In a method for equalizing the flow rate in oscillating displacement pumps whose drive is effected by means of a drive motor via a rotating shaft, the procedure is such that the generation of the fluid flow in a conveying line (5) by means of at least two oscillating displacement pumps (1, 2) takes place Drive motors (6, 7) are controlled such that the total flow rate generated in the delivery line (5) is substantially uniform or constant. The device provided for carrying out this method according to the invention is characterized by at least two oscillating positive displacement pumps (1, 2) whose pressure line (3, 4) for superimposing the individual flow rates on a common feed line (5) is connected and each having a drive motor (6, 7), which are operable without mechanical coupling in electronic synchronization to achieve a substantially uniform or constant sum flow.

Description

The The invention relates to a method for equalization the flow rate at oscillating displacement pumps according to the preamble of claim 1.

The The invention also relates to a device for implementation this method according to the preamble of the claim 6th

At the Operation of oscillating positive displacement pumps is fundamental Considerations desired, a largely to achieve constant flow rate. This is already true because otherwise in the pressure or delivery line disadvantageous Appearances occur. These consist z. B. in that at each Pressure stroke creates a pressure pulsation in the delivery line, which adversely affect the lines of the entire system can and therefore by means of separate pulsation damper and the like. Must be suppressed or prevented.

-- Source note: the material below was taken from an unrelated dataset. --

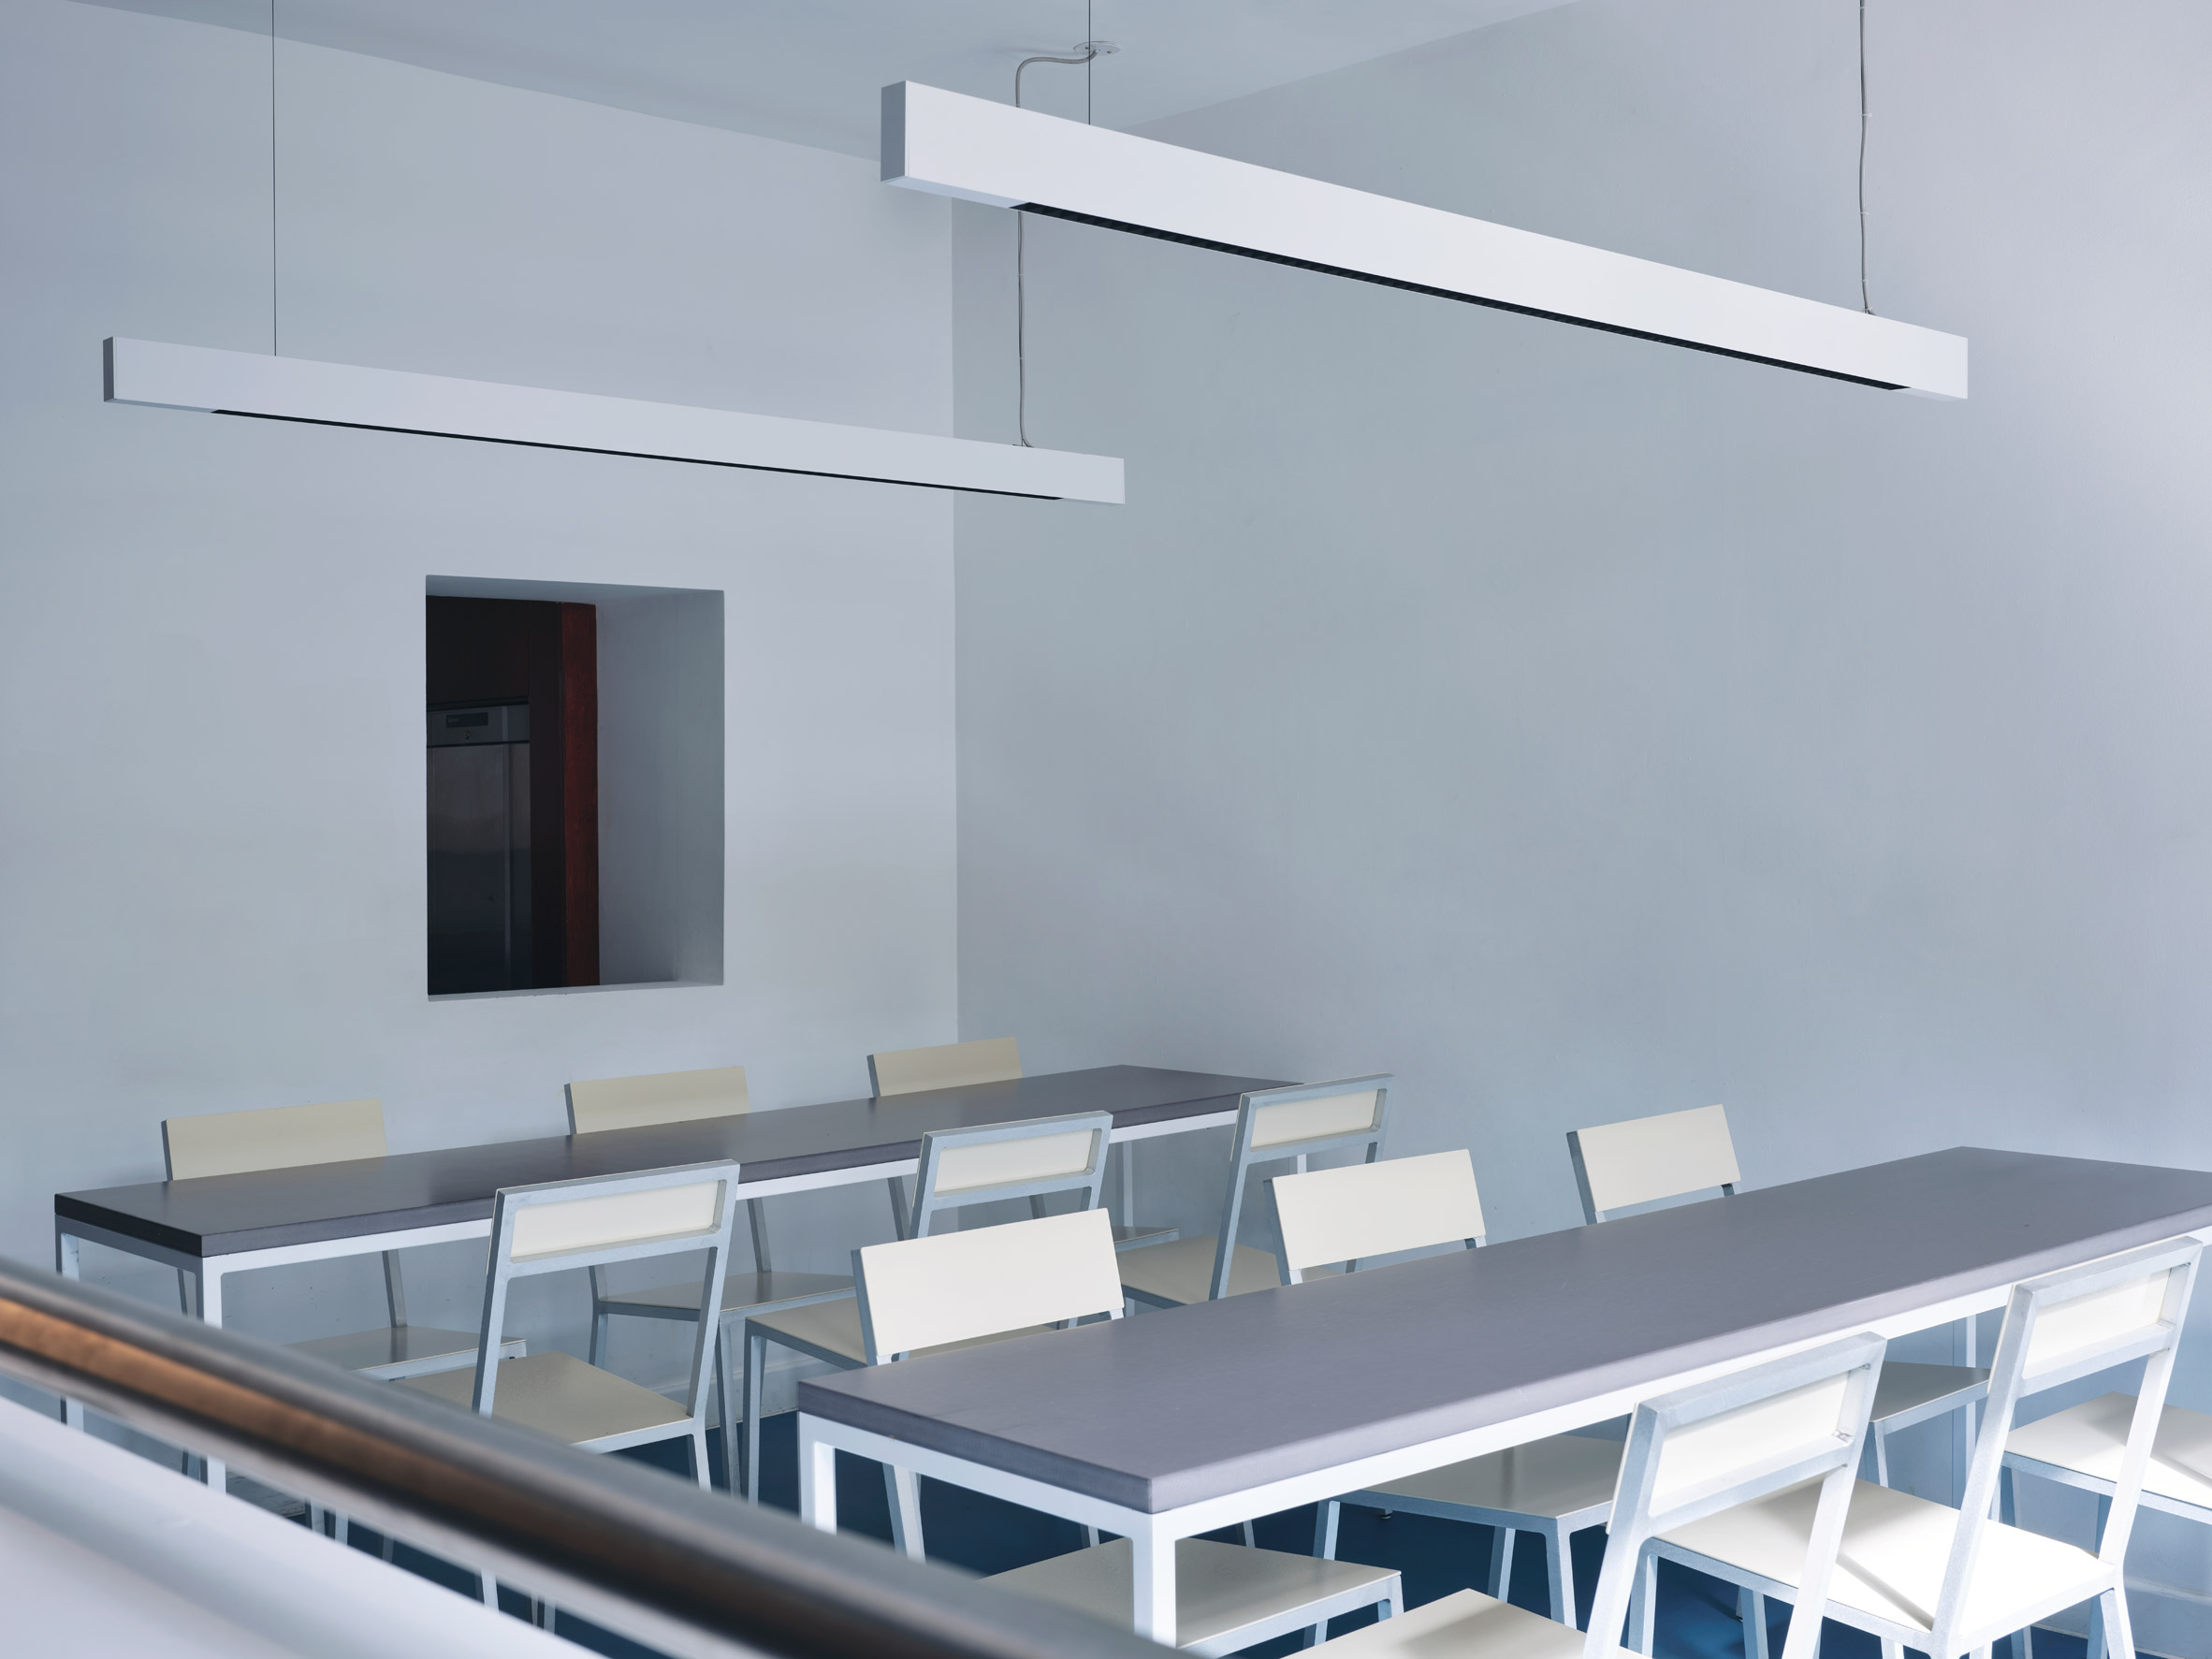 Steel-framed tables in the classroom

Around therefore a largely constant flow at oscillating For example, it is already possible to reach positive displacement pumps known not to build pumps as a single pump, but at least as a triple pump with gleichmäßgiem eccentric offset provided. Due to the superimposition of the flow rates decreases with increasing cylinder number, the pulsation of the flow from. However, this is not enough for many cases so additional measures for pulsation damping become necessary. However, this requires a considerable constructive Effort.

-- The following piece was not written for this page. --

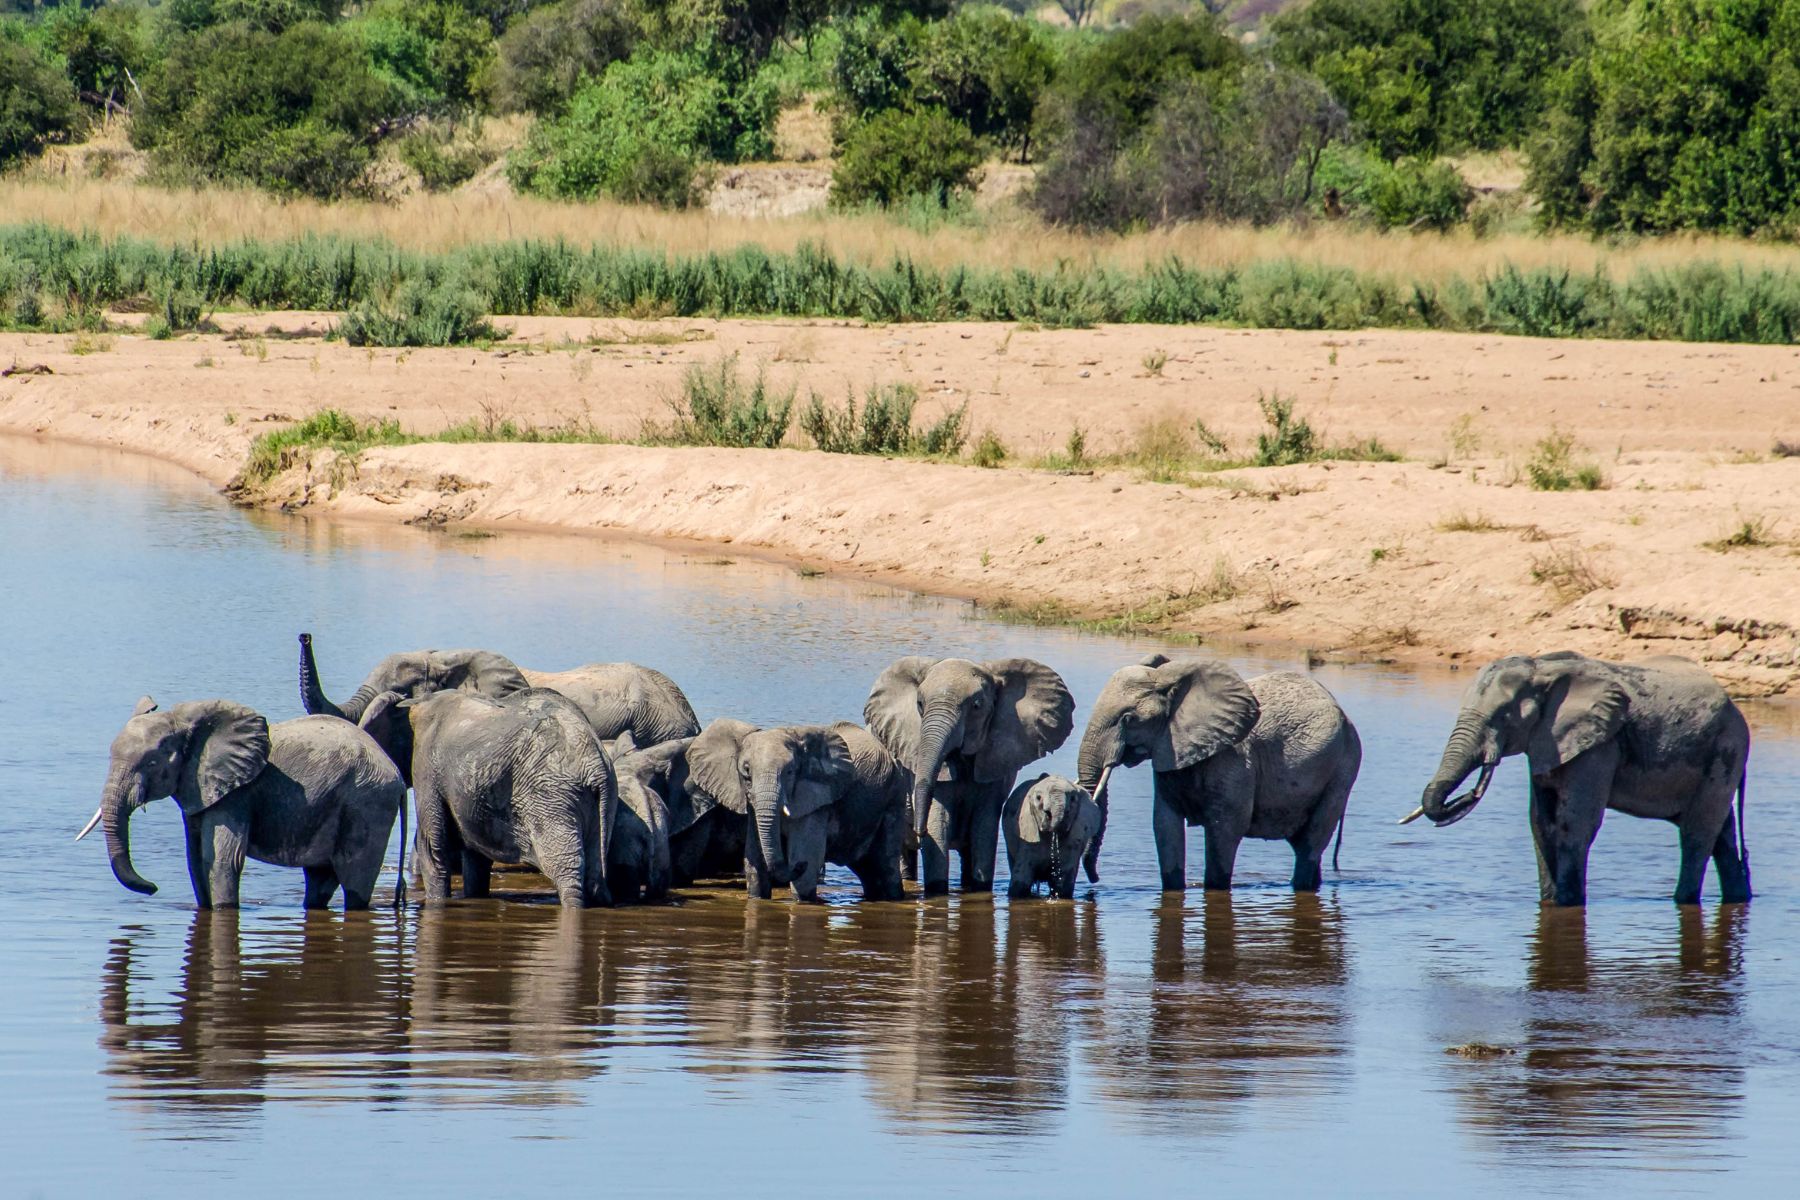 Elephants seen on safari wading in the Sabi Sands Reserve, South Africa

It is also known ( DE 198 49 785 C1 ), to the desired flow adjustment of the oscillating positive displacement pump to use their drive shaft itself, in such a way that a transition from the rotational movement of the drive shaft in a pivoting movement or vice versa, to provide various desired flow settings. Such a method has been well proven in practice. However, this does not yet make it possible to achieve a continuous or even flow of the total fluid to be delivered, since there is still no pumping during the suction stroke of the pump, which interrupts the otherwise achieved constancy of the flow.

Of the The invention is therefore based on the object, the method of the generic To design the way of eliminating the described disadvantages in such a way that it can be achieved by means of simple constructive means economic effort to achieve a largely uniform or constant flow rate allows.

Furthermore is intended a device for carrying out this method be created, which is easy to operate.

These Task is with the method according to the invention solved by the features of claim 1. advantageous Embodiments thereof are in the further claims described.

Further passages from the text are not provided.